» **Work instruction**
Transcribe exactly, and only, the lines that fall between the line containing "Students from Priestnall" and the last line of the material, both ends included, omitting any pictures.

» **Source data**
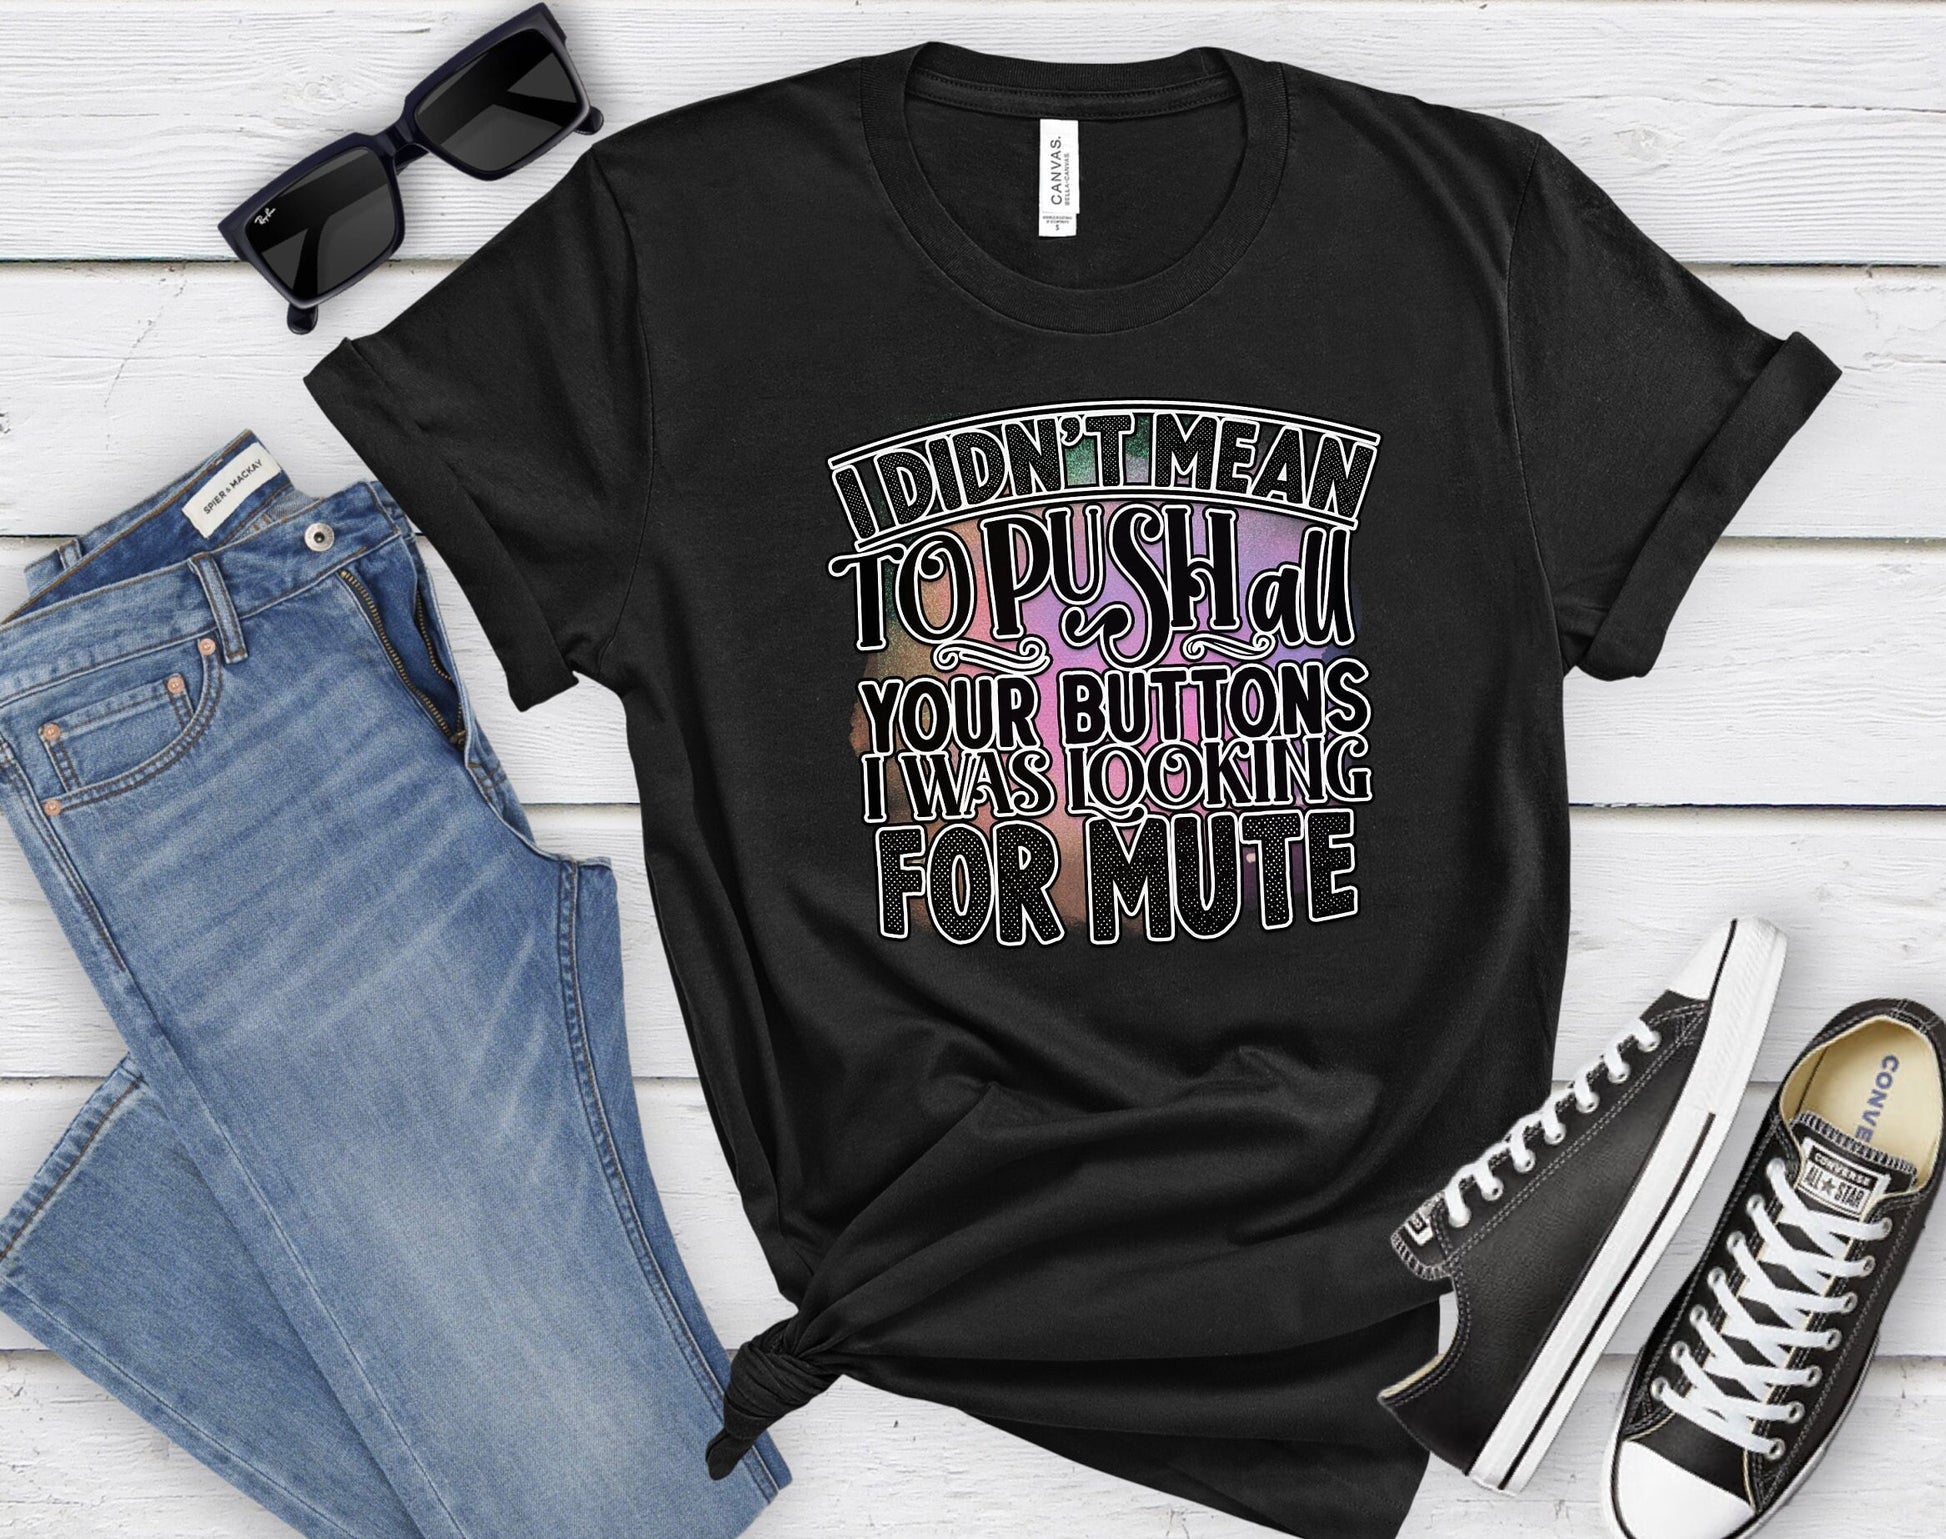 I Didnt mean to push all your buttons I was looking for mute shirt by Scorpion Tees.  This Funny Shirt is comfortable yet Stylish enough to go with anything in your wardrobe. Great Shirt to turn heads and bring smiles.
www.scorpiontees.etsy.com
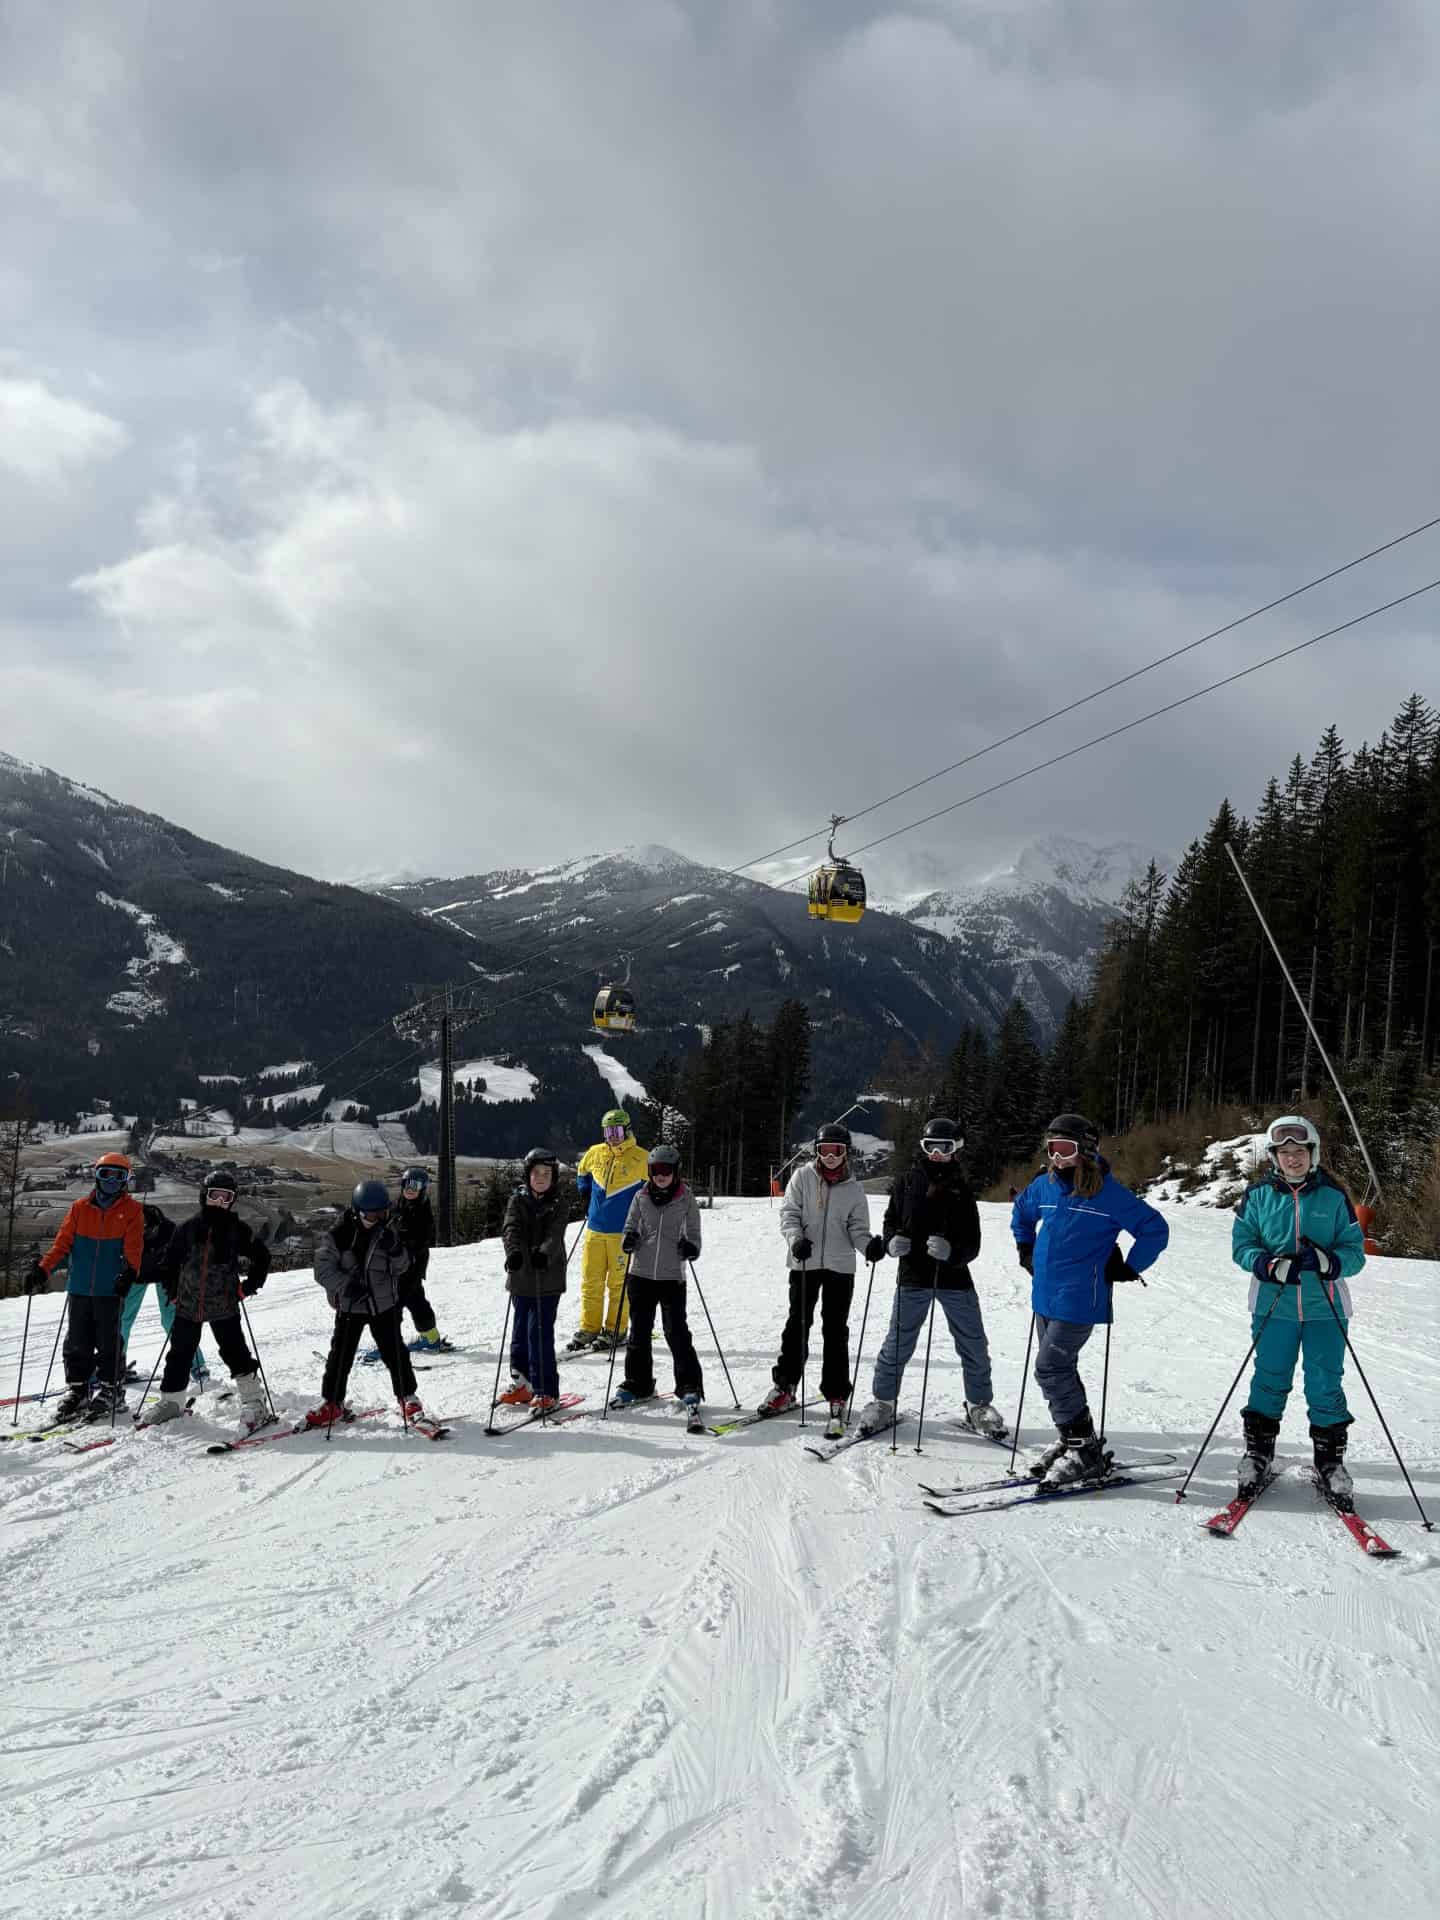 Students from Priestnall School stand in a line on a ski slope in Austria.
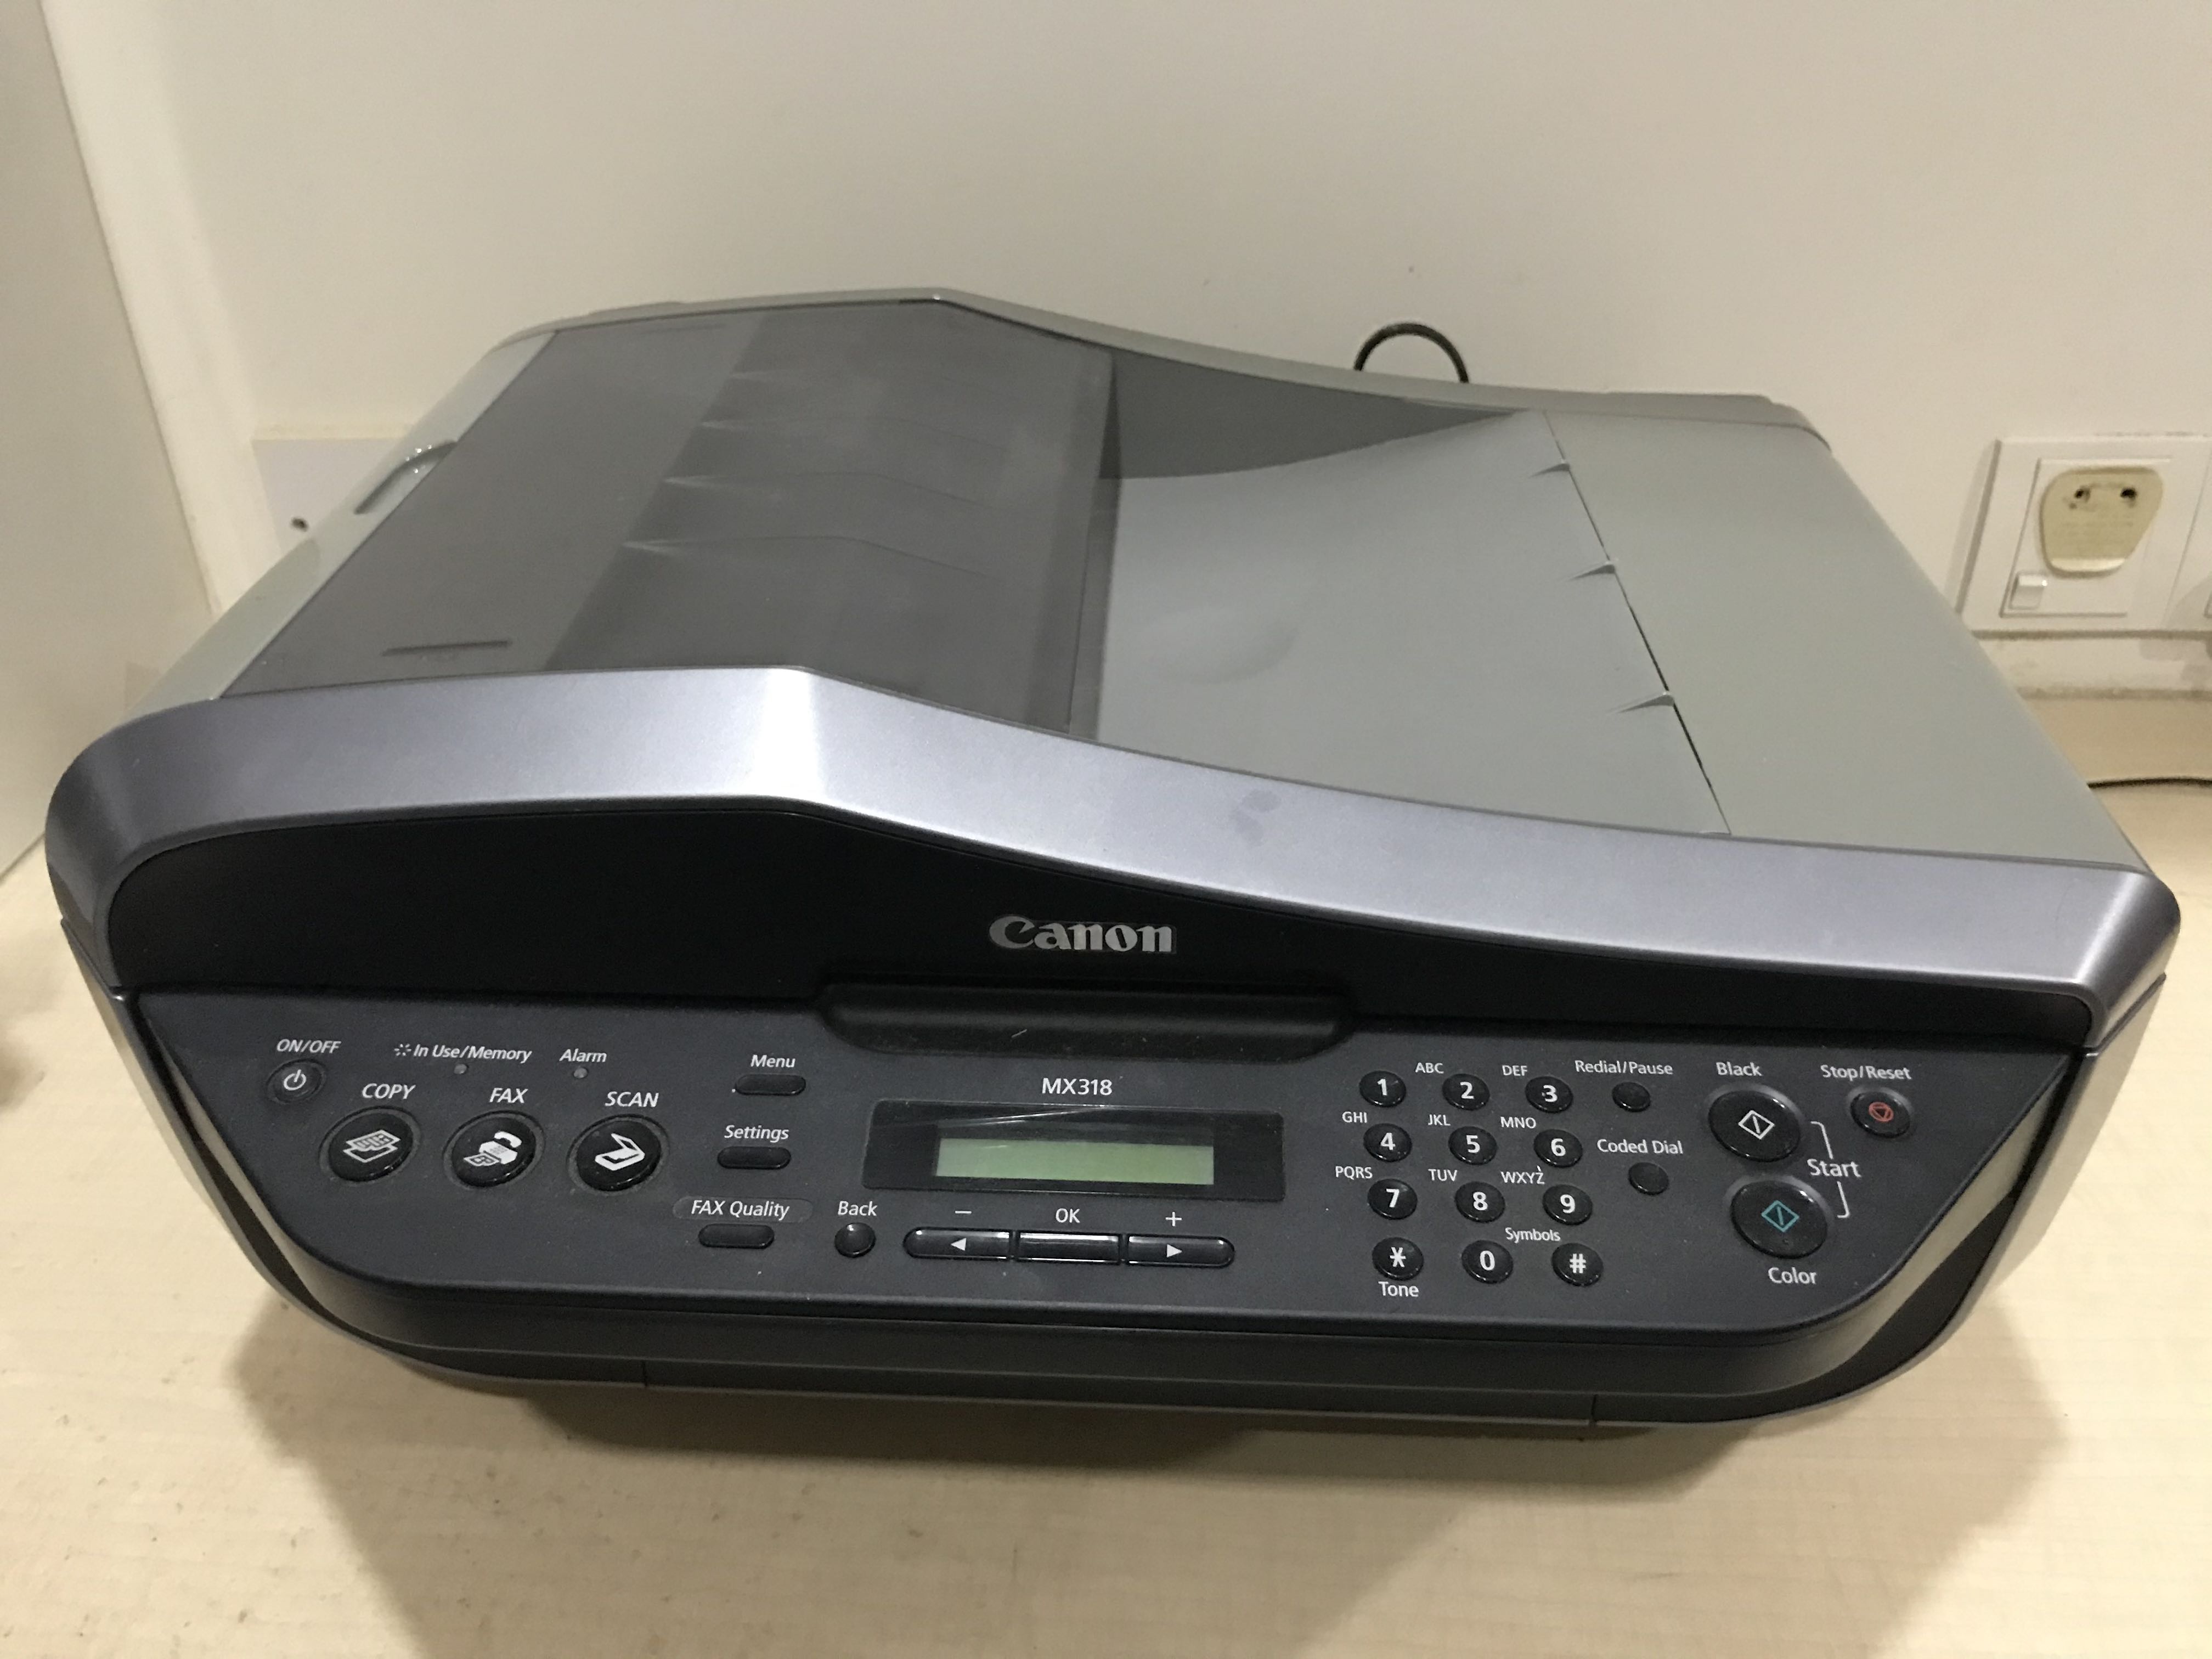 Canon Pixma Mx318 Inkjet 4 In 1 Printer Electronics Computer Parts Accessories On Carousell

» **Task answer**
 Students from Priestnall School stand in a line on a ski slope in Austria.
 Canon Pixma Mx318 Inkjet 4 In 1 Printer Electronics Computer Parts Accessories On Carousell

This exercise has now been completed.